If your server can handle a large number of open connections at a time (as in, it does not use an entire thread or process per connection, such as nginx or an erlang based server), you may wish to use a long polling technique, where as soon one message is received, the client immediately requests another message. If there are no messages available, the server simply keeps the connection open, possibly sending occasionally dummy data as a keepalive, until a message becomes available.
Comet, described by Brian is a nice technique, but requires session support on the server, which is probably more advanced than you care to implement for a simple chat box.
The best way to implement polling intervals is to imagine you having a chat window which you can minimize to do other stuff, or open to see if you have new messages. When you are in the middle of a conversation, you'll switch to it (poll) frequently. If you don't get any messages for a while, you will start looking rarer and rarer until you only check it occasionally.
Assuming you don't need to do real-time typing, you can probably poll every 3 seconds or so when at peak activity, and if nothing shows up for 5-10 polls, start to crank the interval up (perhaps doubling it every time) until it hits 30-60 seconds. Getting a message back should reset the poll interval back to a few seconds, while sending a message should poll instantly, but probably doesn't need to effect the frequency of polling otherwise.
Honestly, if you are implementing a “basic little AJAX shoutbox/chat”, things like Jabber, Comet etc are overkill for you. These things will require you to run additional
servers/proxies to take the load of the app server and db.
When you think about stuff like presence management (“Joe is typing...”), then things get overly complex for your app (considering “chat” is not your prime focus).
Think about adding widgets from providers like Meebo and Userplane. Once you scale think about the Jabber and the like…
You should check to see if the other user is typing every 5 seconds or so, if the other user is typing, then you can check every 1 second to see if the user has sent a new message. Really though, you should be able to check every 1 second to see if other user is typing and if they are then every .25-.5 second check to see if new message has been sent. With broadband being so generally accepted on the inet, shouldn't be a problem. Go with the longer poll timeout for a dial-up access.

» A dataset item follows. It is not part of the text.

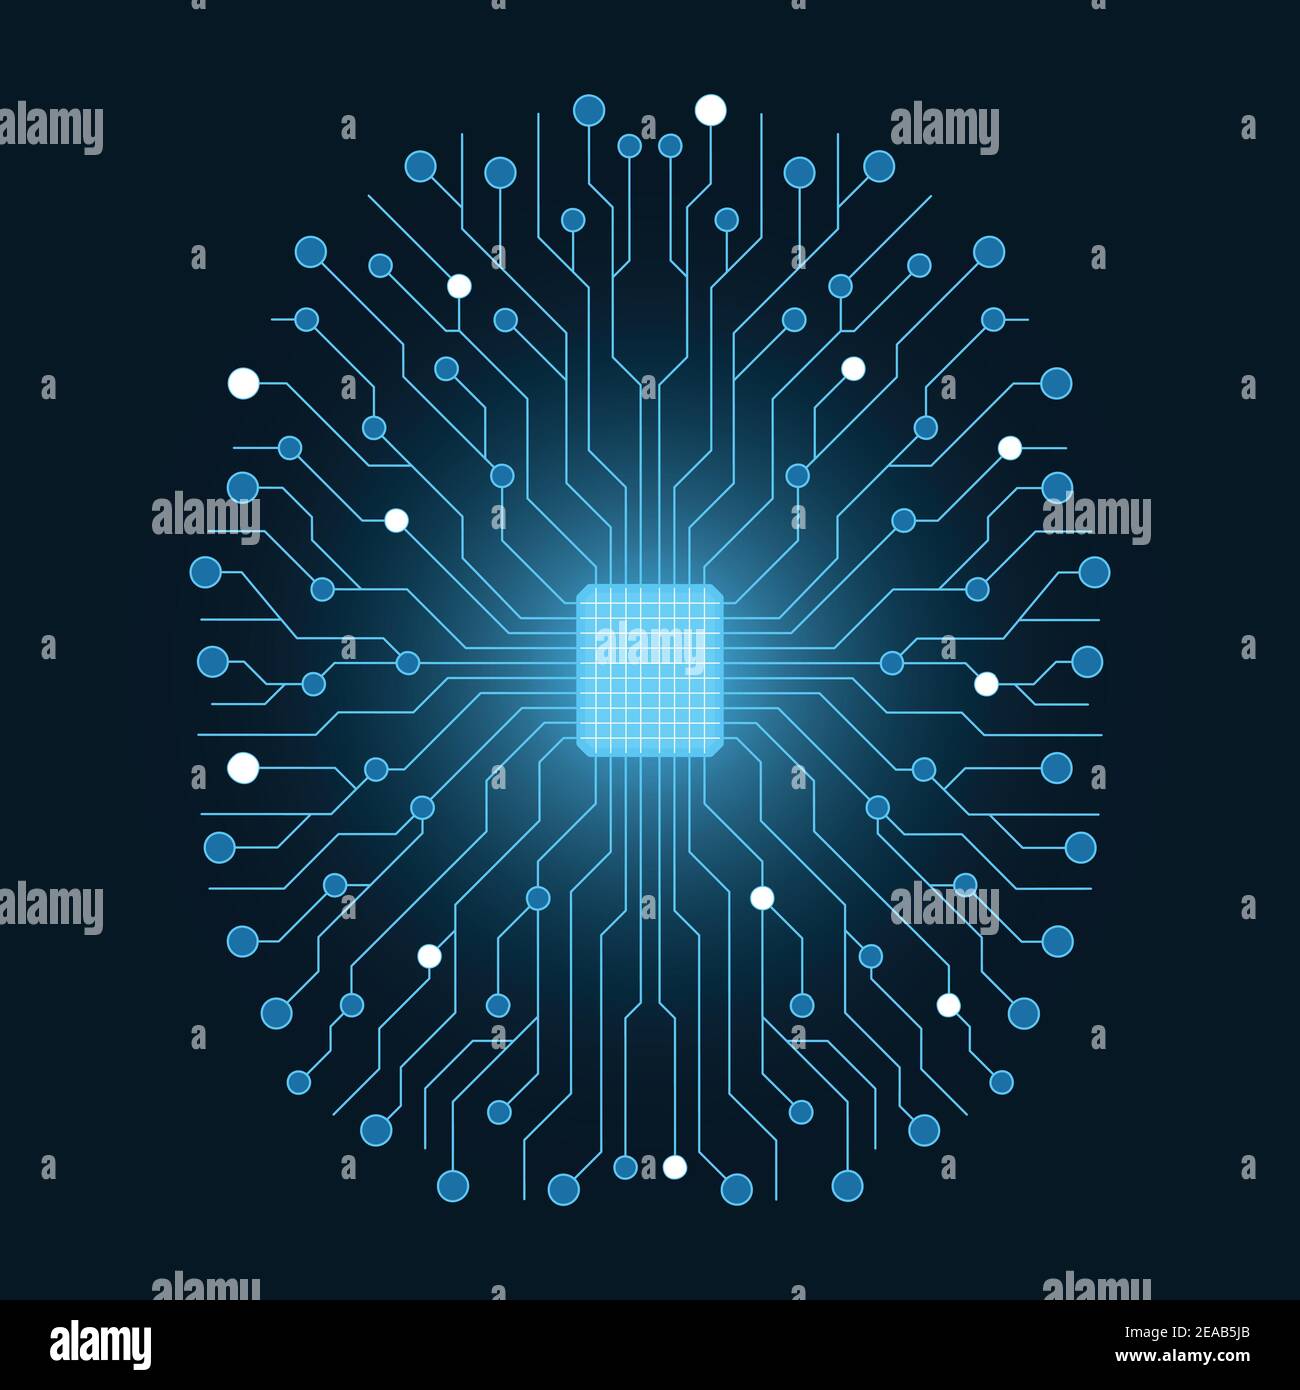 Vector illustration artificial intelligence. Microchip and brain shaped connections. Stock Vector

This is a very hard question, keep abuse in mind. Malicious users will hit you as often as possible, with the earliest timestamp faked so as to cause stress on your DB server. Be sure to validate that timestamp, or ignore it, because shouldnt everyone be in the same time anyway?
You can send the polling interval to the user as a function of the other user's response time. That's the best kind of dynamic I think.
http://jabbify.com/home/comet_service
This is a free comet based chat service by the guys who did the jmvc framework. Haven't tried it yet, but looks promising.
The professional way of doing this is with a WebSocket javascript connection. You can use a free service like https://socketsbay.com/ for example, and connect using
// Create WebSocket connection.
const socket = new WebSocket('wss://socketsbay.com/wss/v2/[ChannelId]/[ApiKey]/');
// Connection opened
socket.addEventListener('open', function (event) {
socket.send('Hello Server!');
});
// Listen for messages
socket.addEventListener('message', function (event) {
console.log('Message from server ', event.data);
});
You can forget about server pooling time because it will be realtime.